> _What this task involves_: Restate the whole of the data below word for word, skipping the images.

> _Source data_:
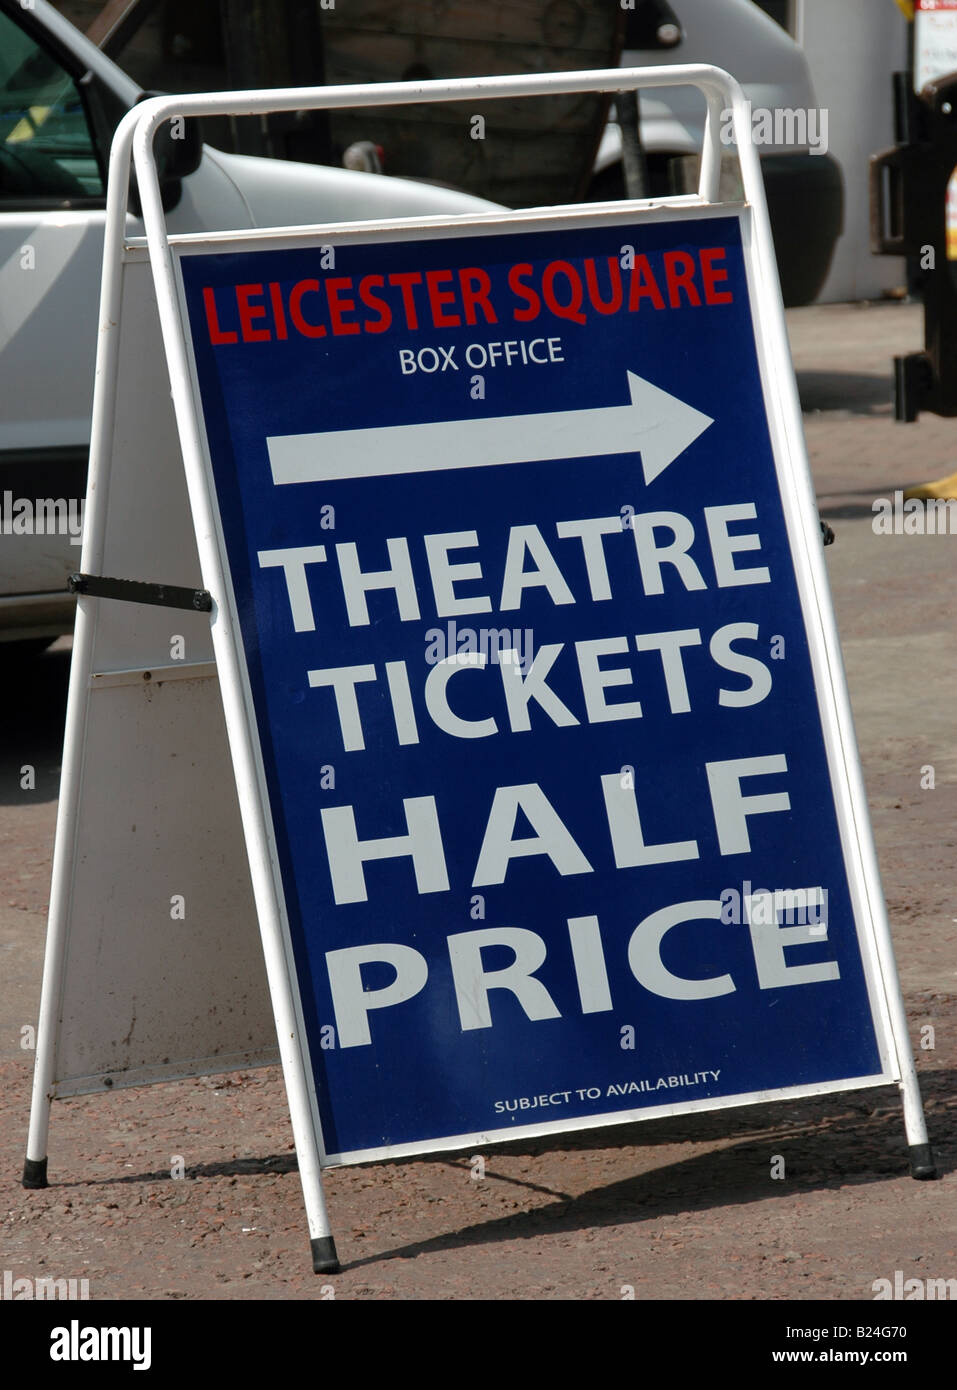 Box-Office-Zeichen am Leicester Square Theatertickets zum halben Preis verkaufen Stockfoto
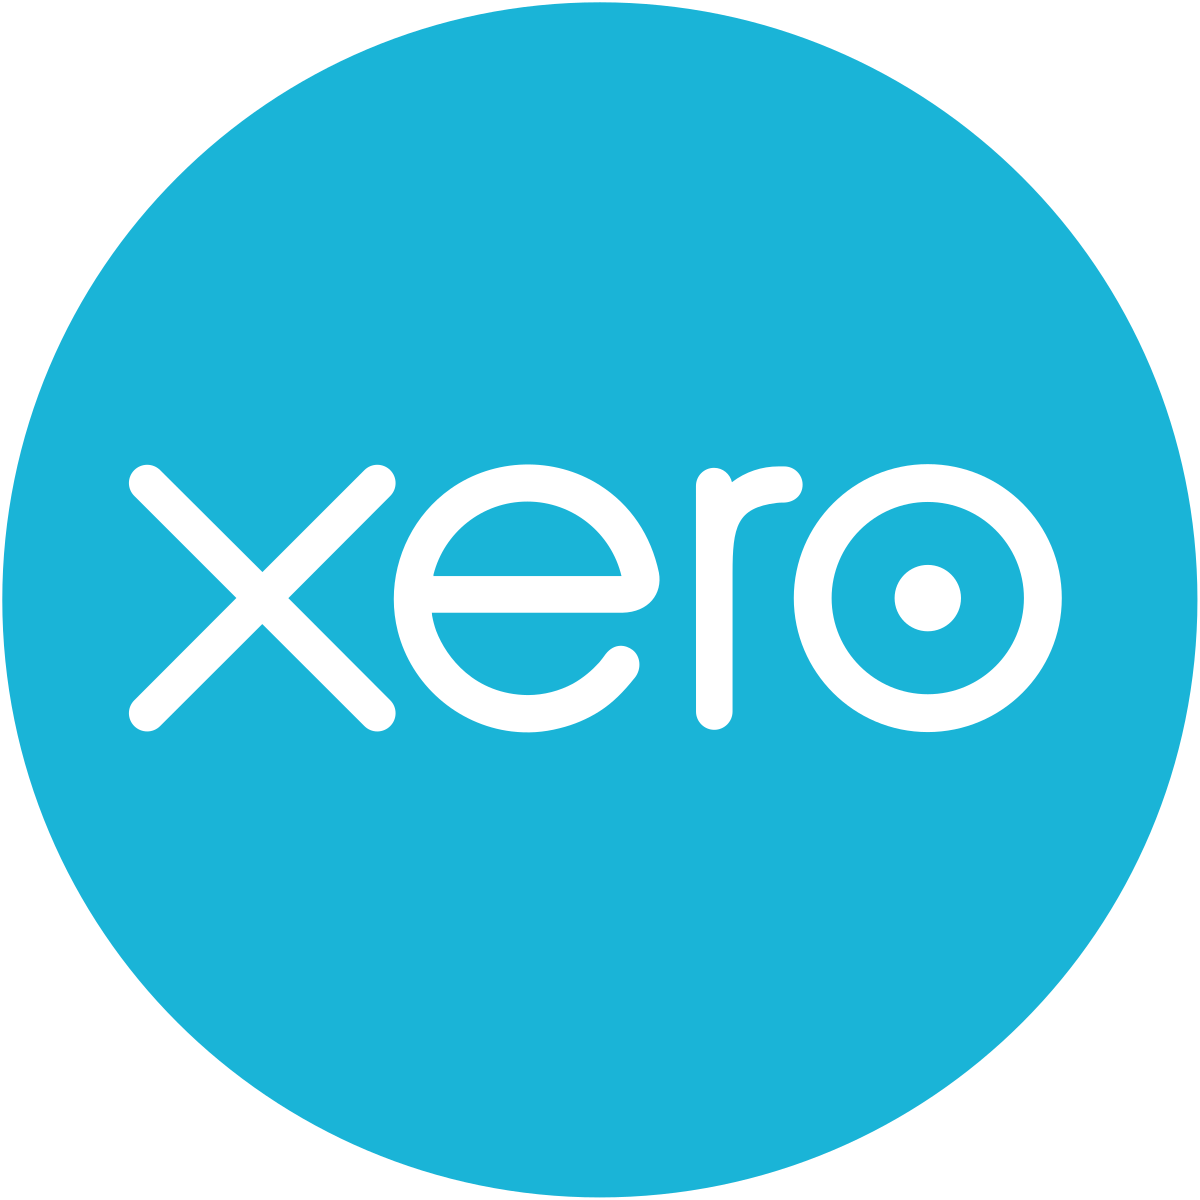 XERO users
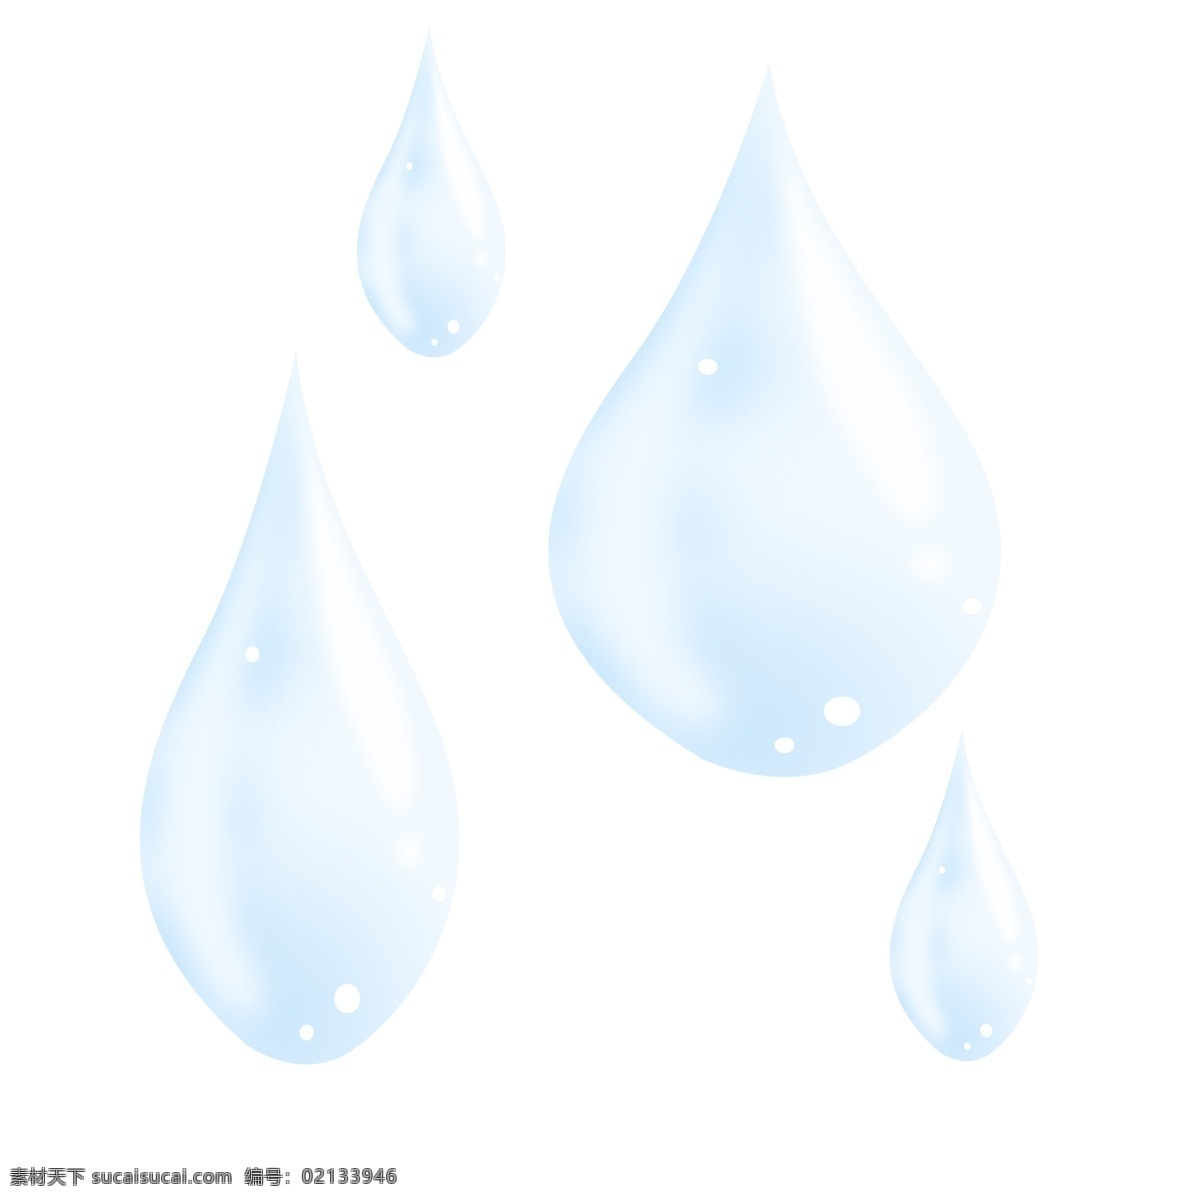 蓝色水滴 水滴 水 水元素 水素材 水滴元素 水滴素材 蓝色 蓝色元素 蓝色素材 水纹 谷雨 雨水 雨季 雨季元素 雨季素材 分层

> _Output of the task_:
 Box-Office-Zeichen am Leicester Square Theatertickets zum halben Preis verkaufen Stockfoto
 XERO users
 蓝色水滴 水滴 水 水元素 水素材 水滴元素 水滴素材 蓝色 蓝色元素 蓝色素材 水纹 谷雨 雨水 雨季 雨季元素 雨季素材 分层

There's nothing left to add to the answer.